While Broadcom has not explicitly detailed which components are fully native versus those running under emulation, the fact that a dedicated WinArm64 installer exists suggests that core security engines have been ported. However, users should be mindful that some older or less critical components may run under Windows’ x86 emulation layer, which could impact performance.
If your organization values battery life and native performance above all else, you may need to pressure Broadcom for a roadmap. If you simply need consistent protection on a new fleet of Arm laptops, deploy the current x64 build, accept the minor performance tax, and wait for the native Arm64 client that is likely coming in late 2025 or 2026.
Active scanning, heuristic detection, and IPS (Intrusion Prevention System) are fully supported on ARM64. symantec endpoint protection arm64 work
If you must deploy SEP on ARM64 (e.g., for compliance), apply these measures:
Most standard protection features are functional on ARM64, but several legacy and advanced policies are currently unsupported: Unsupported Features (ARM64) Core Anti-malware & Scans Custom Application Behavior Network Threat Protection Threat Defense for Active Directory Device Control Application Control Exploit Protection LiveUpdate (Native Updates) Legacy Browser Protection (IE/Firefox) Implementation Considerations While Broadcom has not explicitly detailed which components
to complete.
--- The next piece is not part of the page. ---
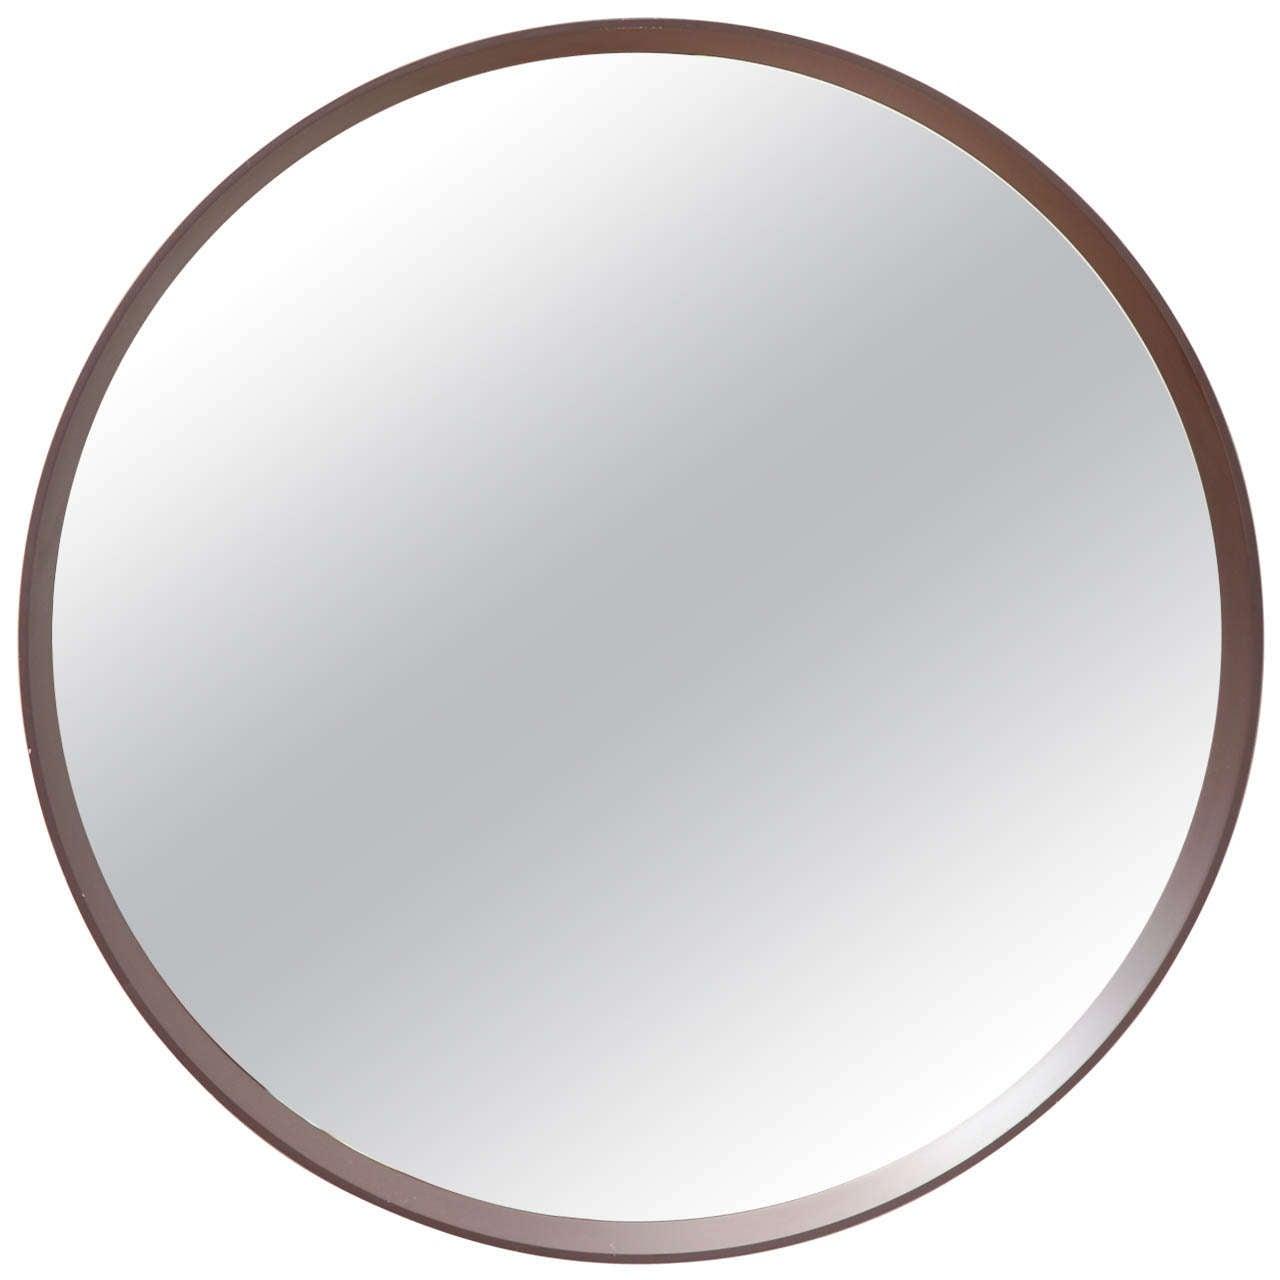 Mid century modern round mirror at 1stdibs for Modern mirrors

Performance is fine for real-time scanning, definitions updates, and policy enforcement.
The downloaded package includes all the features present in the default Windows Workstation installation package. If you simply need consistent protection on a
Even with supported versions, you may encounter issues. Here are the most common ones and their solutions.
When choosing the architecture, explicitly select .
Ensure Windows 11 (ARM version) is used, as it provides better emulation for legacy tools and better native support for new security drivers.